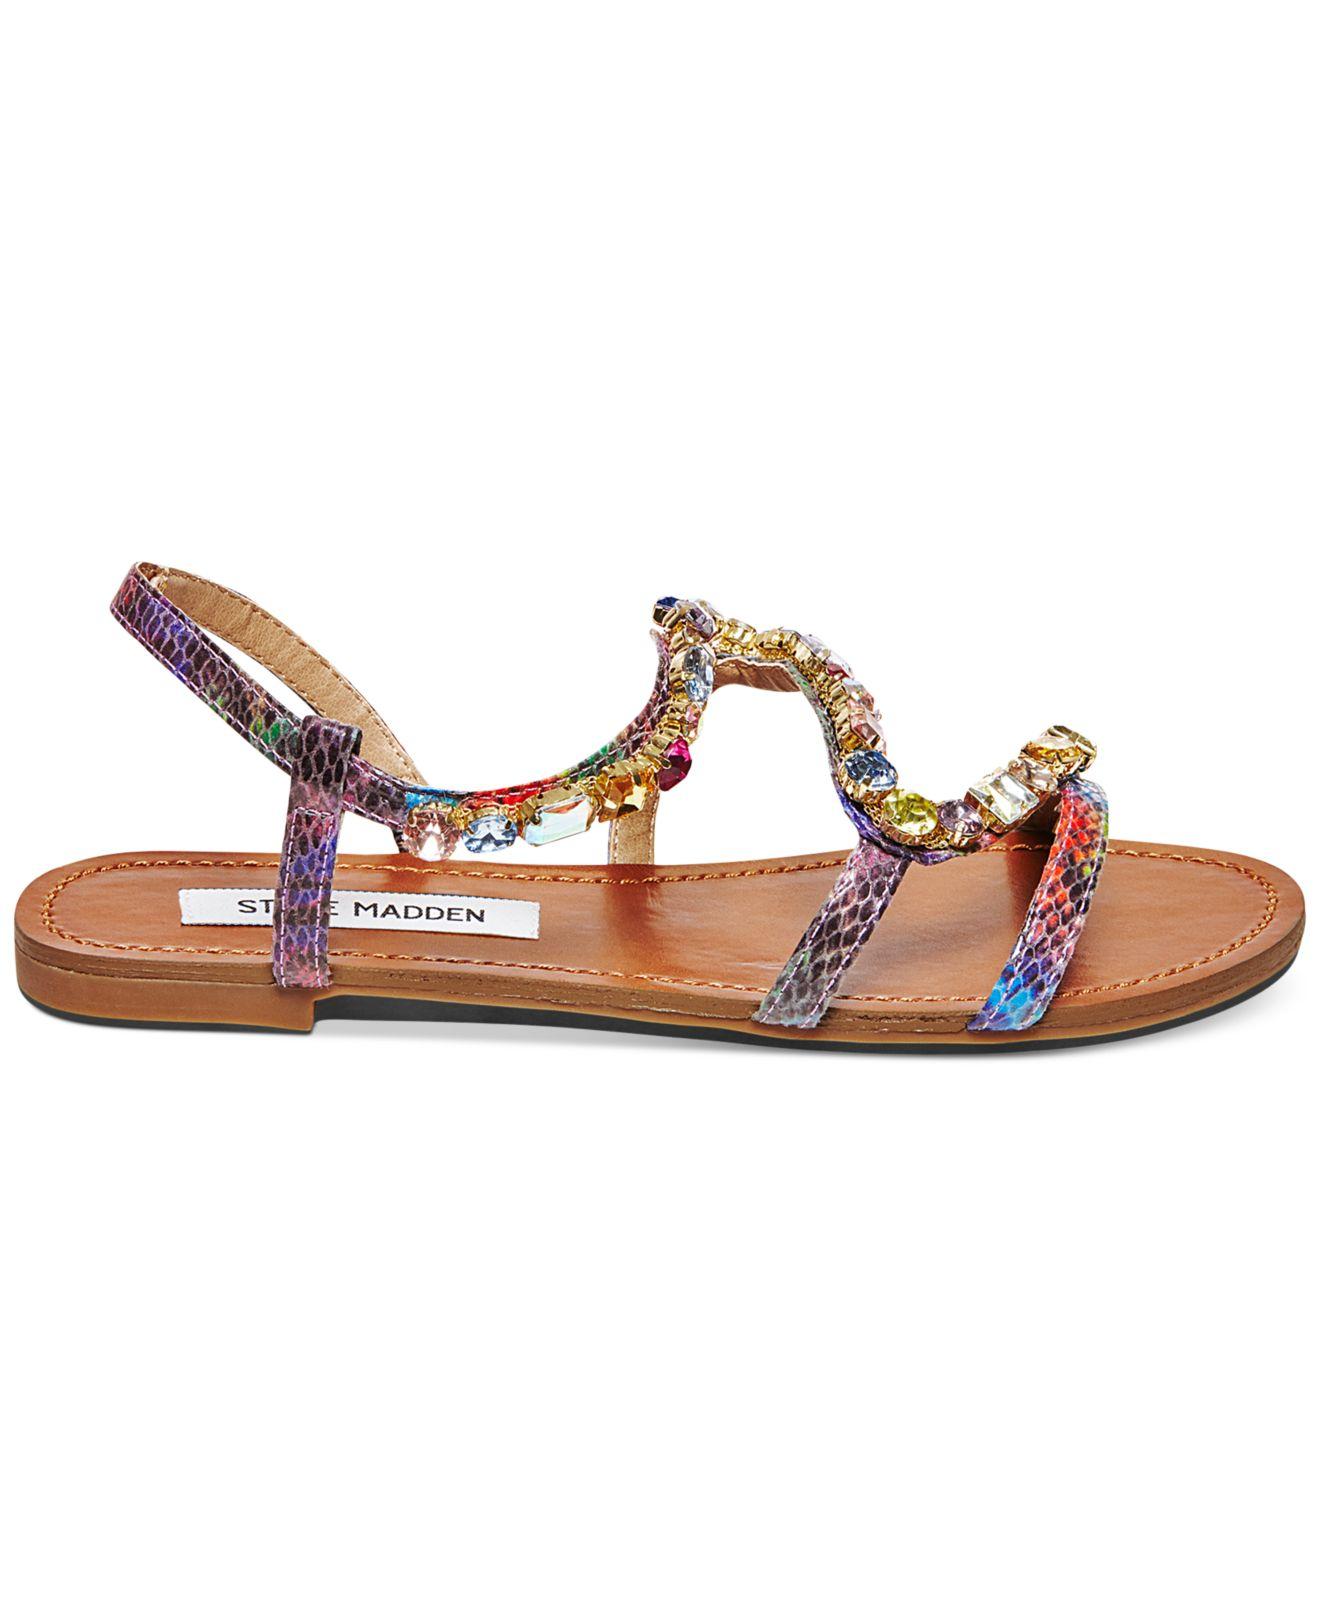 Steve Madden Blazzzed Jeweled Flat Sandals | Lyst
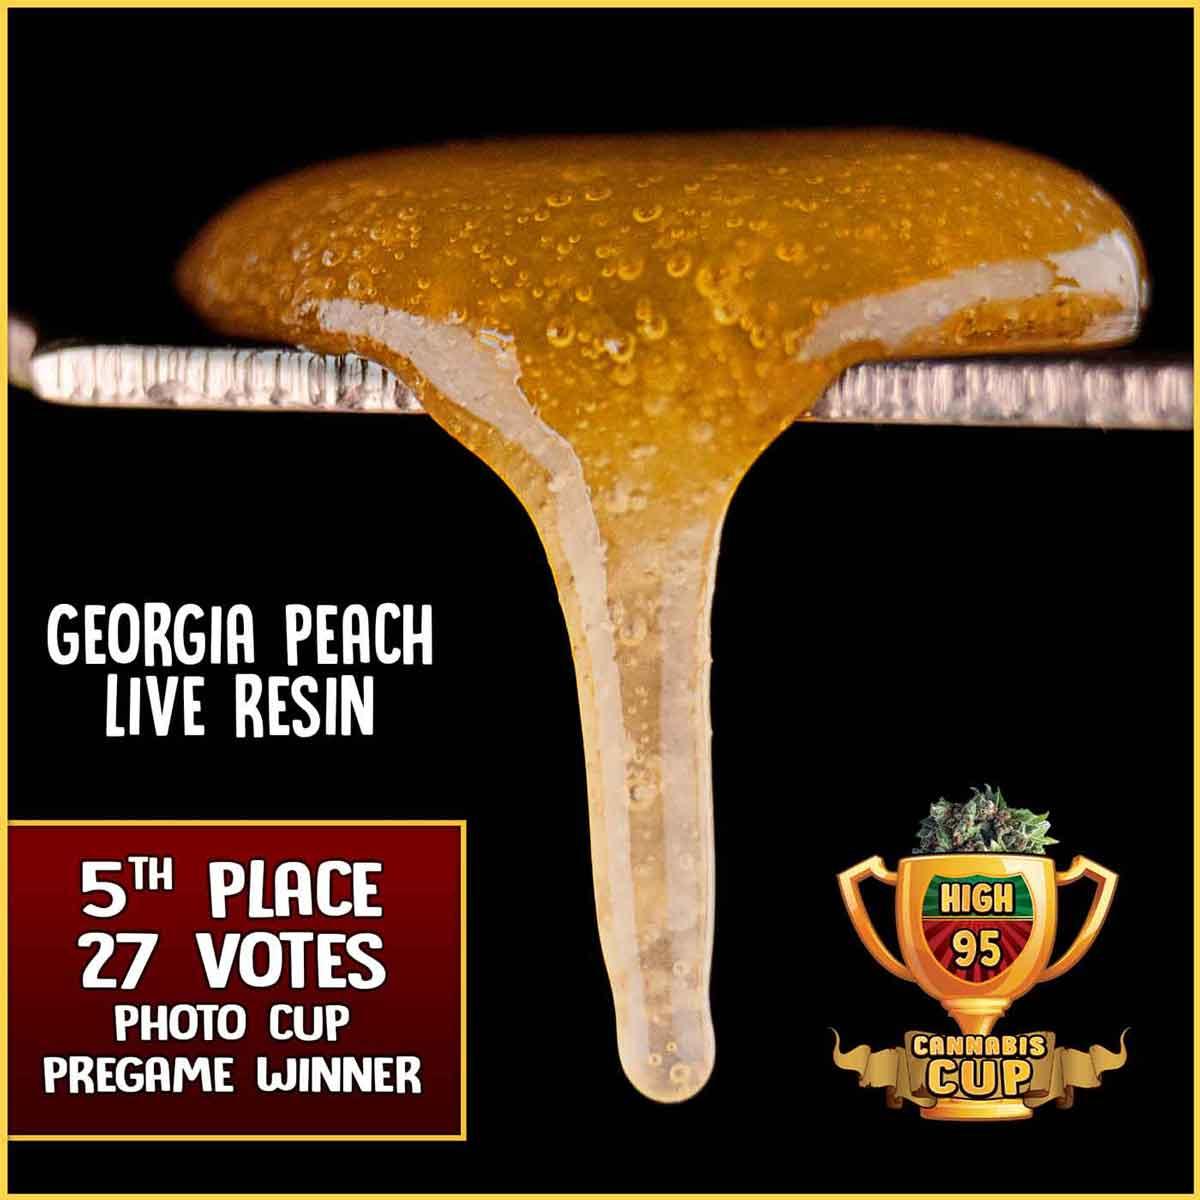 High 95 Photo Cup 5th Place Pregame
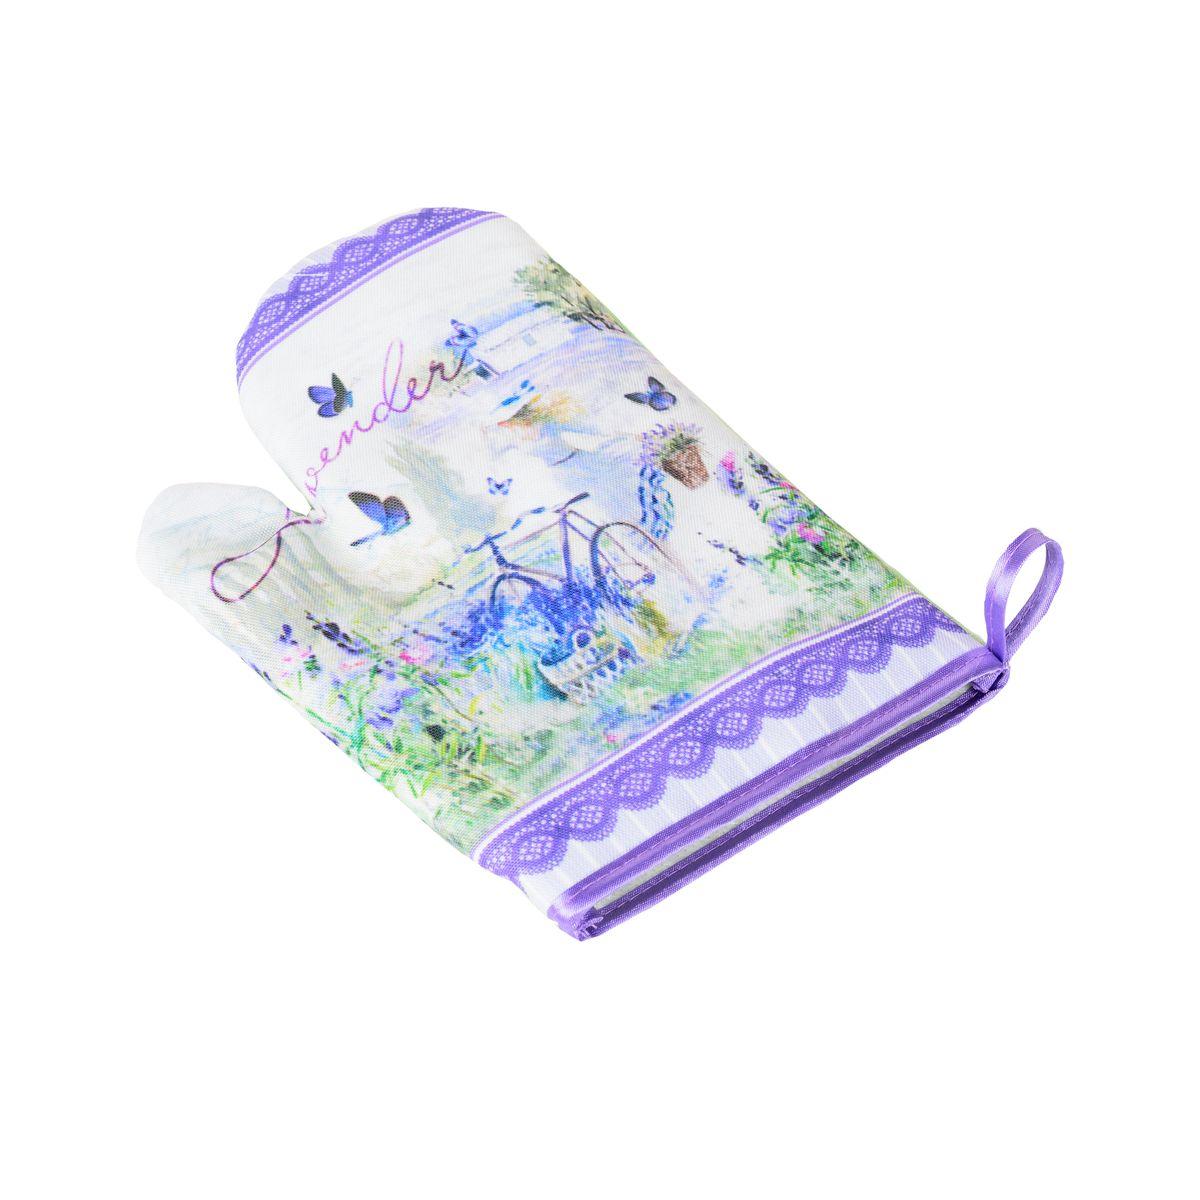 Варежка-прихватка Gift'n'Home TEX-01 Лаванда, цвет: фиолетовый, 25 х 17 см миниатюра варежка цвет серебристый 6 см

# # # #

Produce the data again character for character, with the images left out.

 Steve Madden Blazzzed Jeweled Flat Sandals | Lyst
 High 95 Photo Cup 5th Place Pregame
 Варежка-прихватка Gift'n'Home TEX-01 Лаванда, цвет: фиолетовый, 25 х 17 см миниатюра варежка цвет серебристый 6 см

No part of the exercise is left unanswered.